| WORK ITEM |
Skip all pictures; return exactly the lines from the one containing "infografico_assessoria-2030" through the end of the data.

| INPUT DATA |

>>

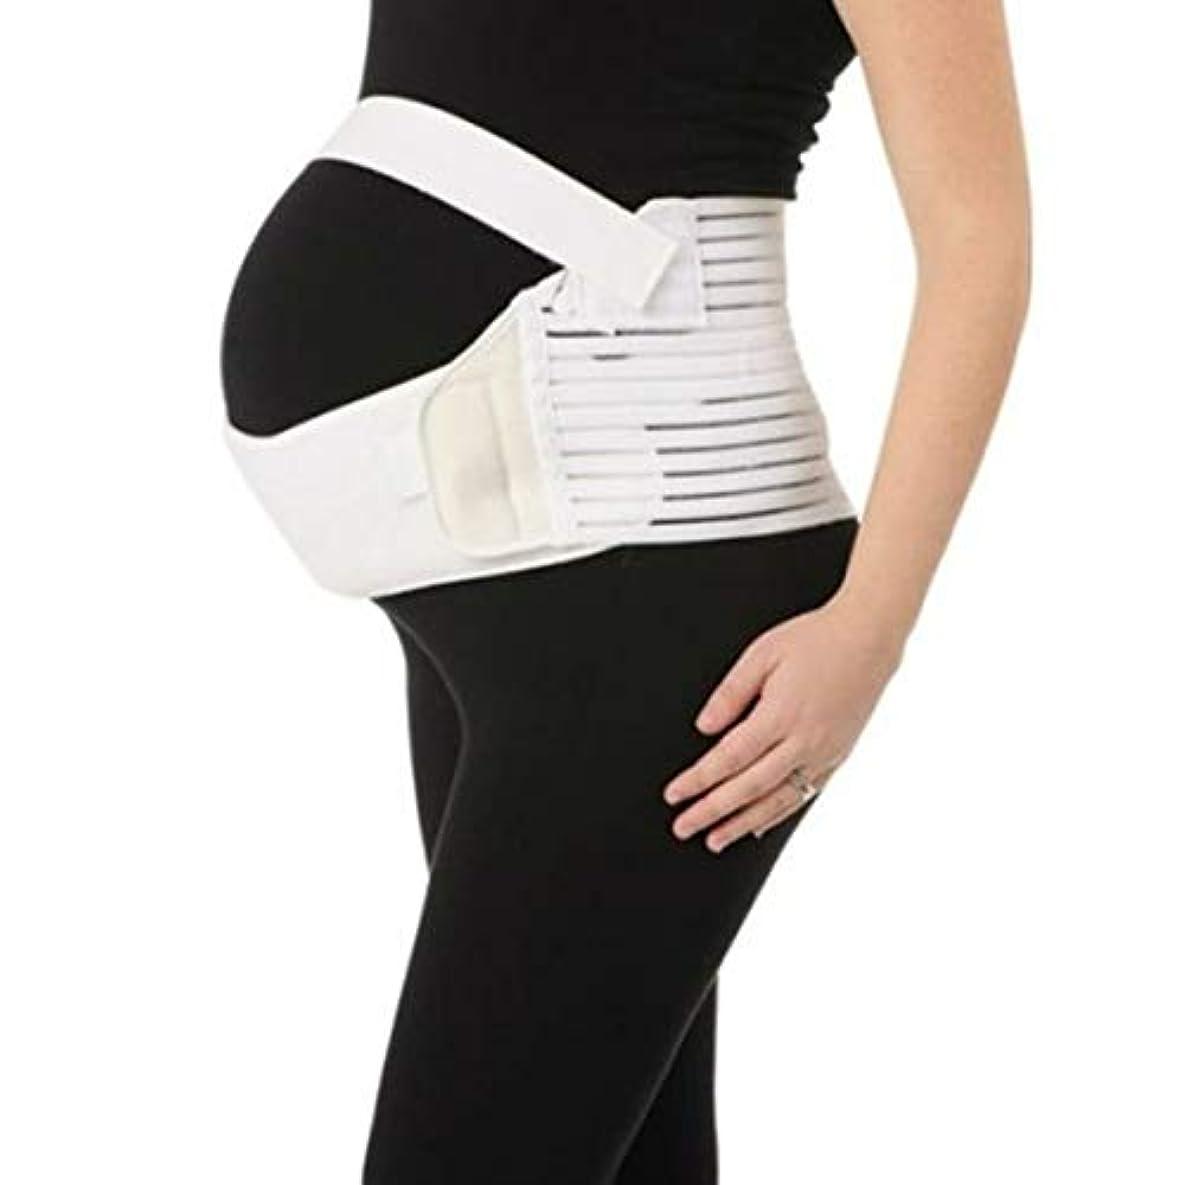 四回衰える専門通気性マタニティベルト妊娠腹部サポート腹部バインダーガードル運動包帯産後回復形状ウェア - ホワイトXL
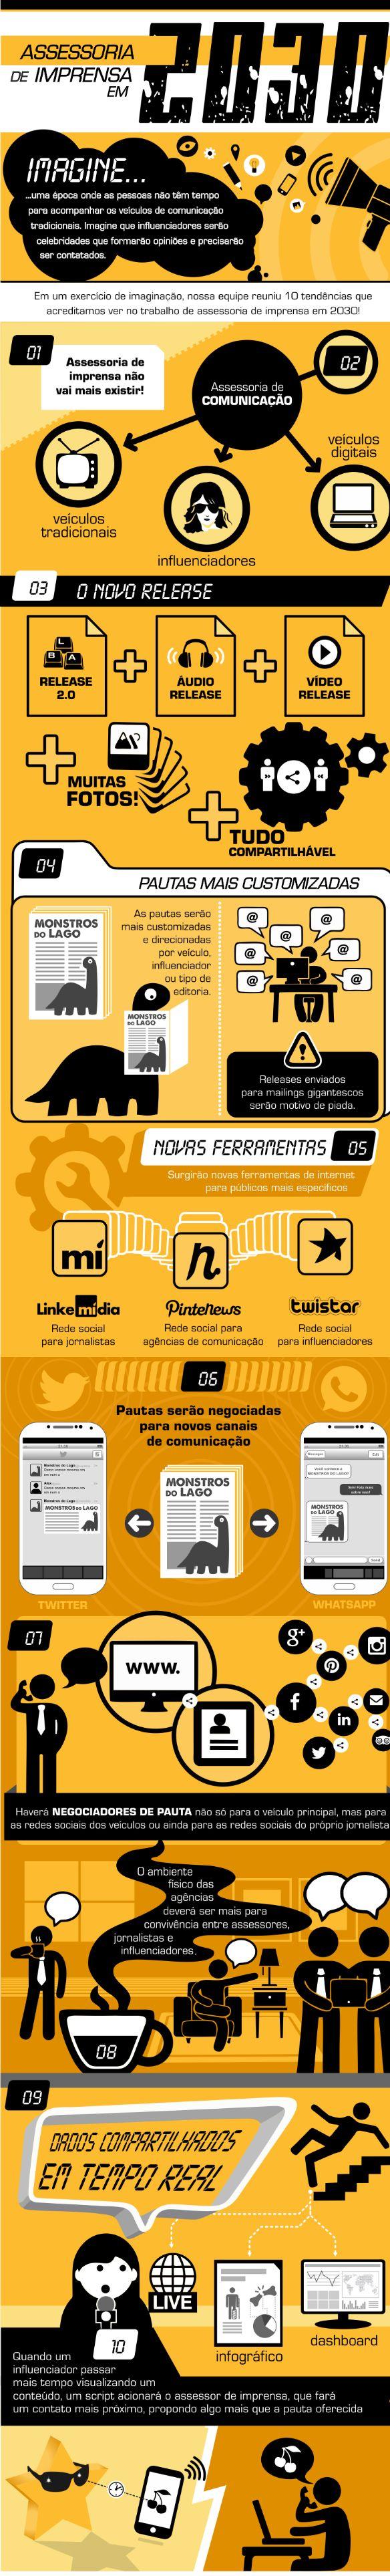 infografico_assessoria-2030
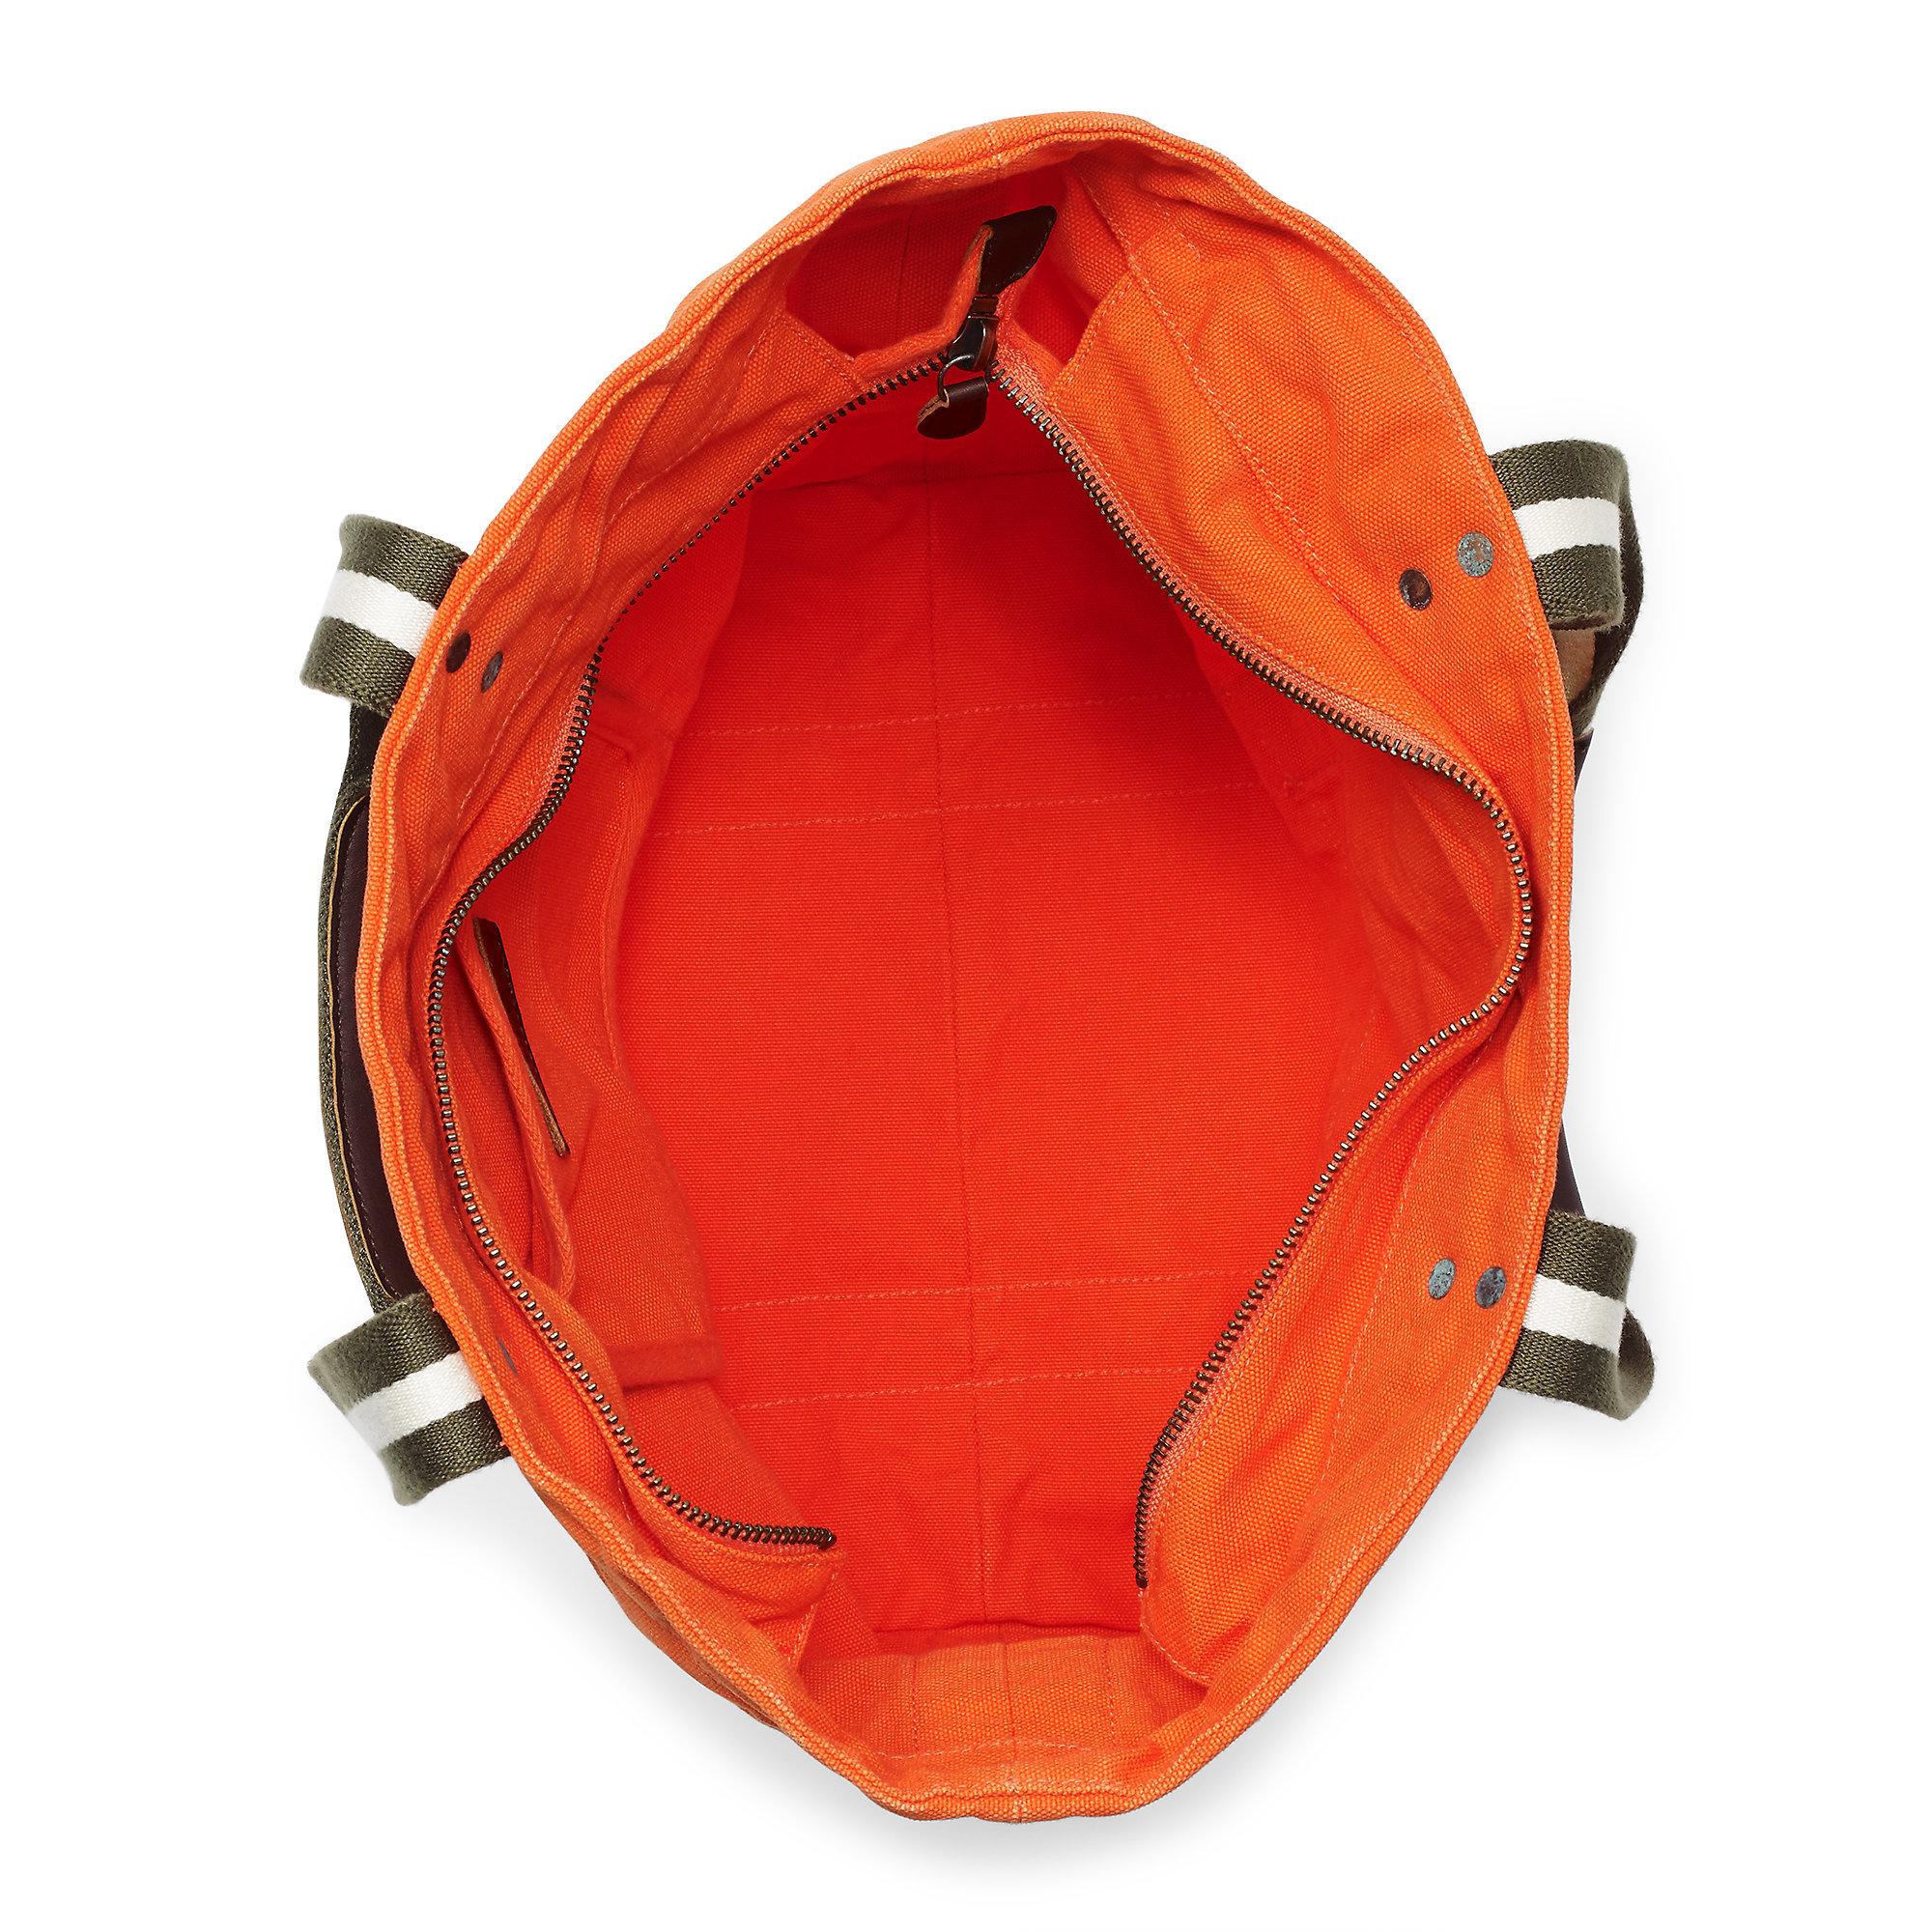 Ralph Lauren Pony Slim Handbag Red Canvas - Jaimonvoyage.com 37d6a0e20dc5f

<<

| ANSWER BOX |
 infografico_assessoria-2030
 Ralph Lauren Pony Slim Handbag Red Canvas - Jaimonvoyage.com 37d6a0e20dc5f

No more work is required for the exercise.